WHAT IS BEING ASKED –
All that is wanted is an exact copy of the line containing "Dans son premier" and the lines after it, through the end of the records.

RECORDS PROVIDED –
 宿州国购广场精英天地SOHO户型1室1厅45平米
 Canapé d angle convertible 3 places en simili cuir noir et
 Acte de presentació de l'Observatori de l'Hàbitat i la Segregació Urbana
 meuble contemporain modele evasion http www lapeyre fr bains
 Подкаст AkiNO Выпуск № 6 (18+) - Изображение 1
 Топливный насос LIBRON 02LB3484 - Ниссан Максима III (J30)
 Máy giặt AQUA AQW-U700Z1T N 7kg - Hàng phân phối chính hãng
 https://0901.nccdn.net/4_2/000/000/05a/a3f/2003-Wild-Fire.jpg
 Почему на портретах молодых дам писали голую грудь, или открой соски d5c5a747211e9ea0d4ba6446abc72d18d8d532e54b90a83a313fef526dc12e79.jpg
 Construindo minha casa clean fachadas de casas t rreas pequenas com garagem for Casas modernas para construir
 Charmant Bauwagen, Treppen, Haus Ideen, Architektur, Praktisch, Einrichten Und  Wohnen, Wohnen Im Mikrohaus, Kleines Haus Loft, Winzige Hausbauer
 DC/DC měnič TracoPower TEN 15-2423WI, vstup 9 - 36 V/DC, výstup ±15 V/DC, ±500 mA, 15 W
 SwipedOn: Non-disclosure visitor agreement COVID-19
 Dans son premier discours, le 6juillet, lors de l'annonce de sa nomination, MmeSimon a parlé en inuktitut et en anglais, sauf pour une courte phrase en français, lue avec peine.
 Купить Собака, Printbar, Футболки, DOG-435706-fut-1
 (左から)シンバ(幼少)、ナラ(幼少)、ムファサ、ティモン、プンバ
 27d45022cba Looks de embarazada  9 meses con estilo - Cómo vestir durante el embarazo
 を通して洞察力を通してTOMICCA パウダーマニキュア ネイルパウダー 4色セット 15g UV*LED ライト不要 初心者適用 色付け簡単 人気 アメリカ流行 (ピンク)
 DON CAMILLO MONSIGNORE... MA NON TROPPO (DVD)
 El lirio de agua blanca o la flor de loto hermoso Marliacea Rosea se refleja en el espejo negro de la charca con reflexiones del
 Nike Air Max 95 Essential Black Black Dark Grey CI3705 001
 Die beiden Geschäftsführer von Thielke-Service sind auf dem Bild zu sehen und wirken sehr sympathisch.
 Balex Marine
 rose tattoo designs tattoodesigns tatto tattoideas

ANSWER FOR THE TASK –
 Dans son premier discours, le 6juillet, lors de l'annonce de sa nomination, MmeSimon a parlé en inuktitut et en anglais, sauf pour une courte phrase en français, lue avec peine.
 Купить Собака, Printbar, Футболки, DOG-435706-fut-1
 (左から)シンバ(幼少)、ナラ(幼少)、ムファサ、ティモン、プンバ
 27d45022cba Looks de embarazada  9 meses con estilo - Cómo vestir durante el embarazo
 を通して洞察力を通してTOMICCA パウダーマニキュア ネイルパウダー 4色セット 15g UV*LED ライト不要 初心者適用 色付け簡単 人気 アメリカ流行 (ピンク)
 DON CAMILLO MONSIGNORE... MA NON TROPPO (DVD)
 El lirio de agua blanca o la flor de loto hermoso Marliacea Rosea se refleja en el espejo negro de la charca con reflexiones del
 Nike Air Max 95 Essential Black Black Dark Grey CI3705 001
 Die beiden Geschäftsführer von Thielke-Service sind auf dem Bild zu sehen und wirken sehr sympathisch.
 Balex Marine
 rose tattoo designs tattoodesigns tatto tattoideas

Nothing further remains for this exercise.